HOW TO COMPLETE THIS TASK → For this exercise, copy exactly every line from the one holding "The second most" through the end of the data, both included. Omit pictures.

DATA BELOW →
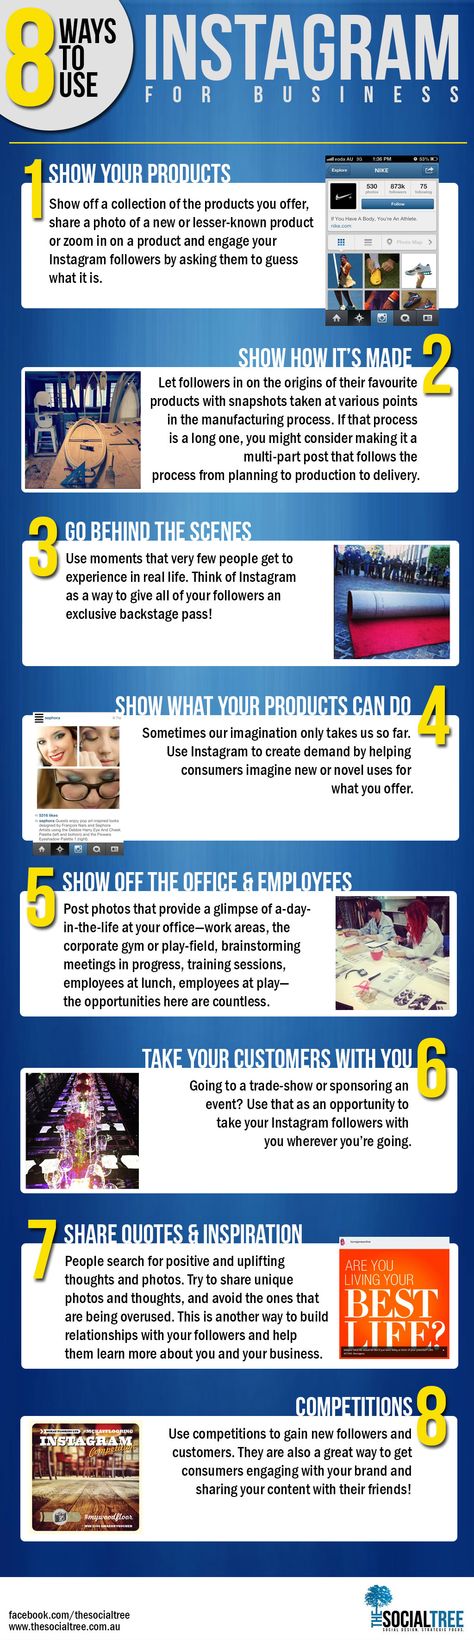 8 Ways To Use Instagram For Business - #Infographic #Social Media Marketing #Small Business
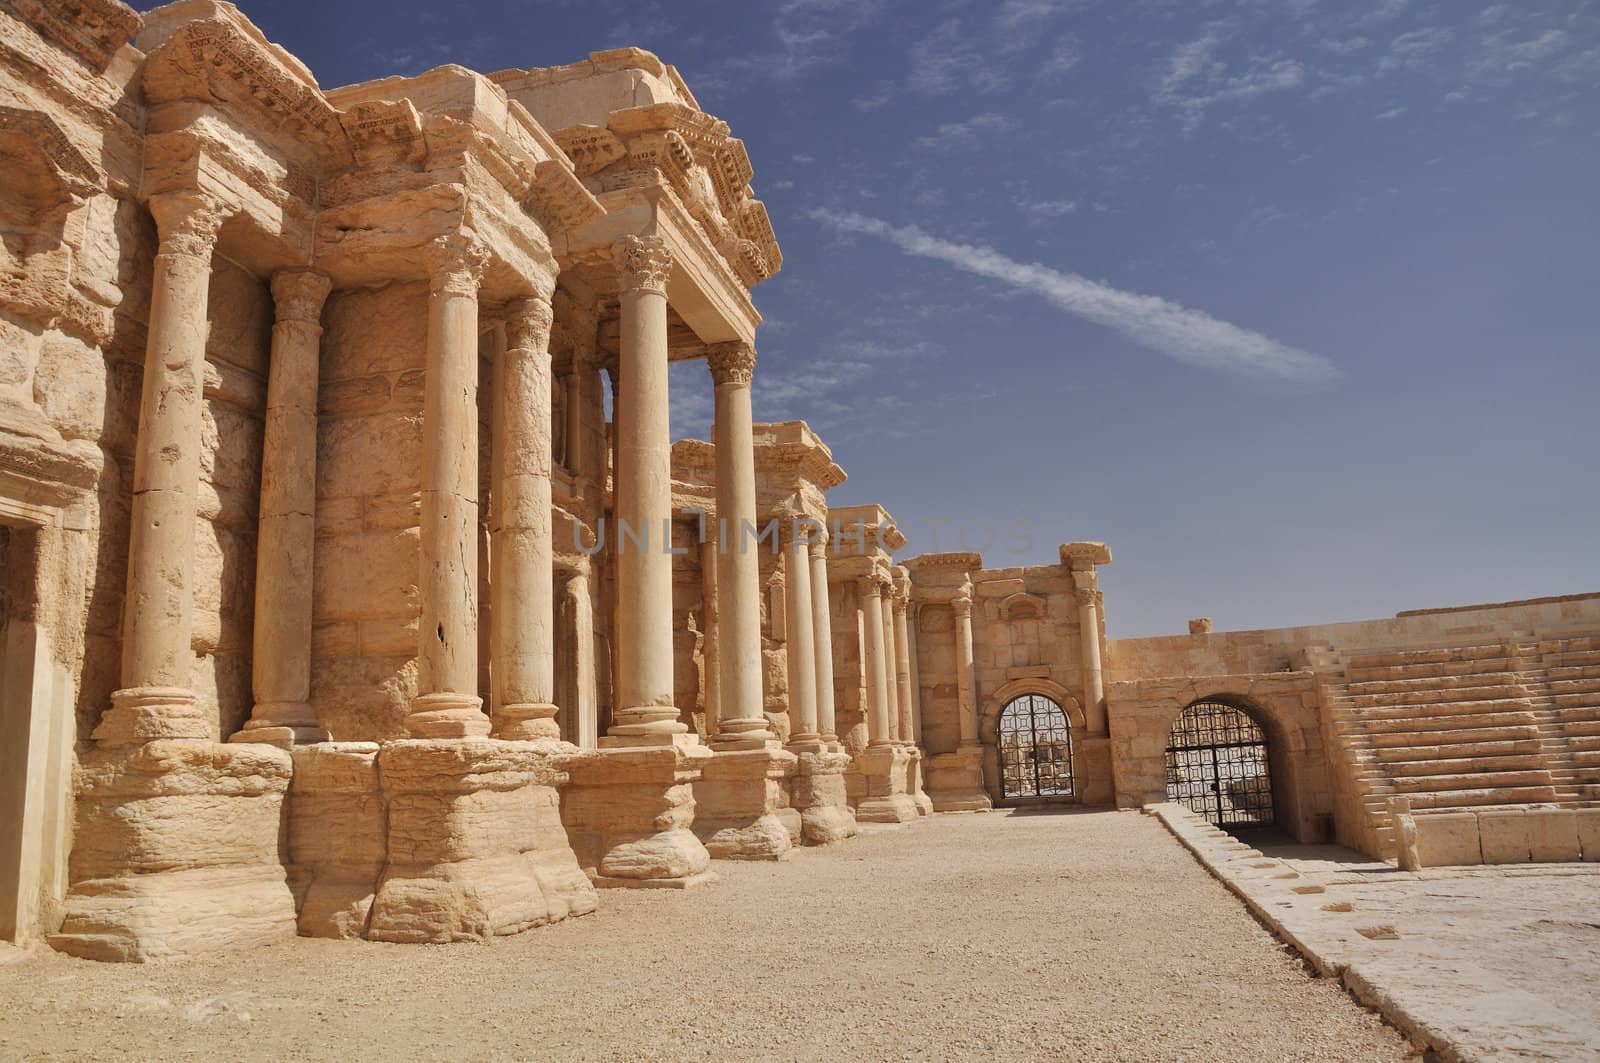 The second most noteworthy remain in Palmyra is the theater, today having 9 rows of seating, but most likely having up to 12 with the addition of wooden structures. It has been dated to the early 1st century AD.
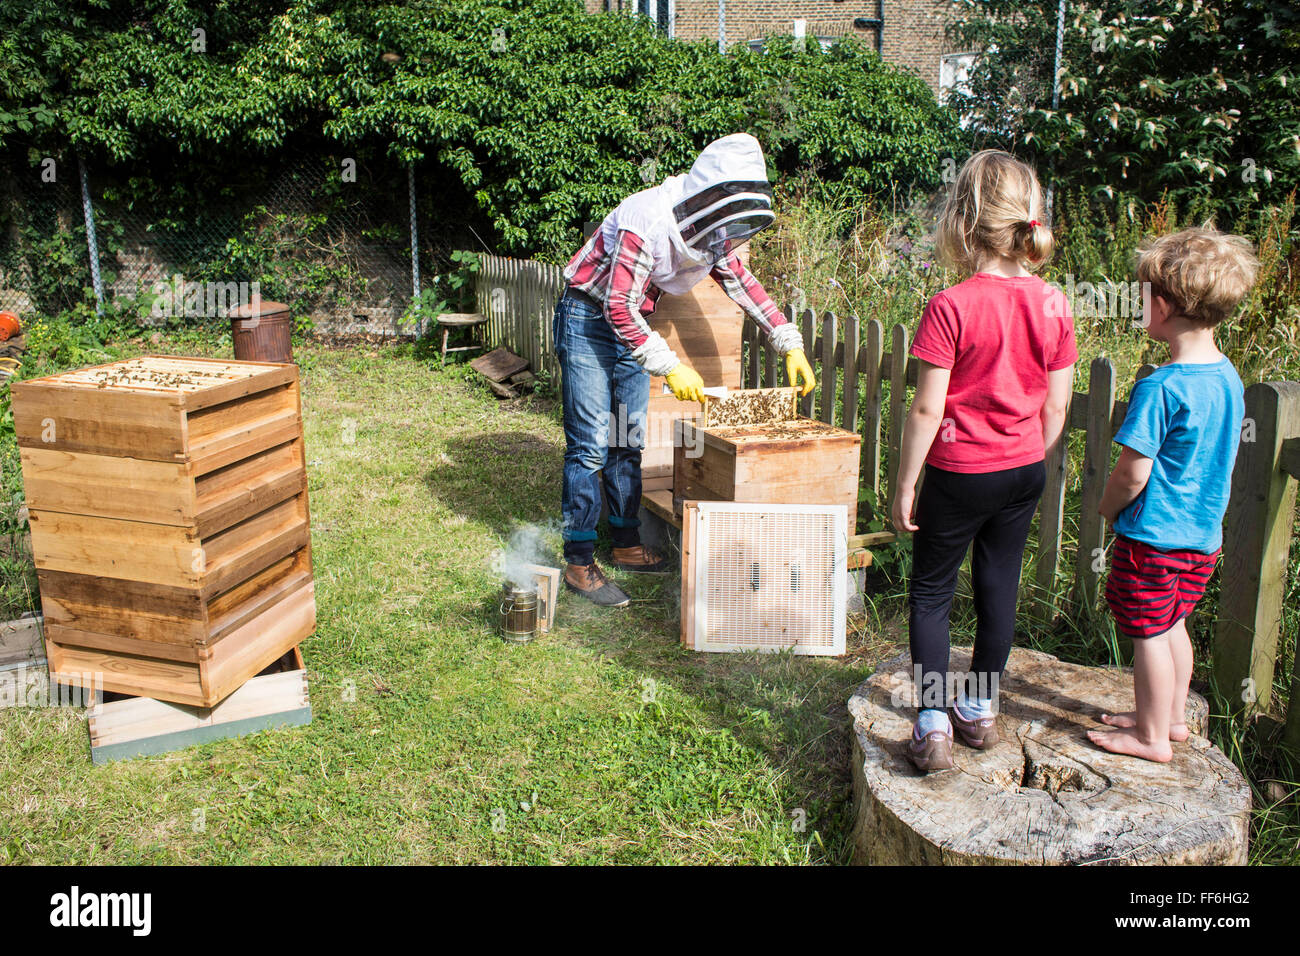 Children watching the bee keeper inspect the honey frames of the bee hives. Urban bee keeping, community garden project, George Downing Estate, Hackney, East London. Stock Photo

REPLY TO THE EXERCISE →
 The second most noteworthy remain in Palmyra is the theater, today having 9 rows of seating, but most likely having up to 12 with the addition of wooden structures. It has been dated to the early 1st century AD.
 Children watching the bee keeper inspect the honey frames of the bee hives. Urban bee keeping, community garden project, George Downing Estate, Hackney, East London. Stock Photo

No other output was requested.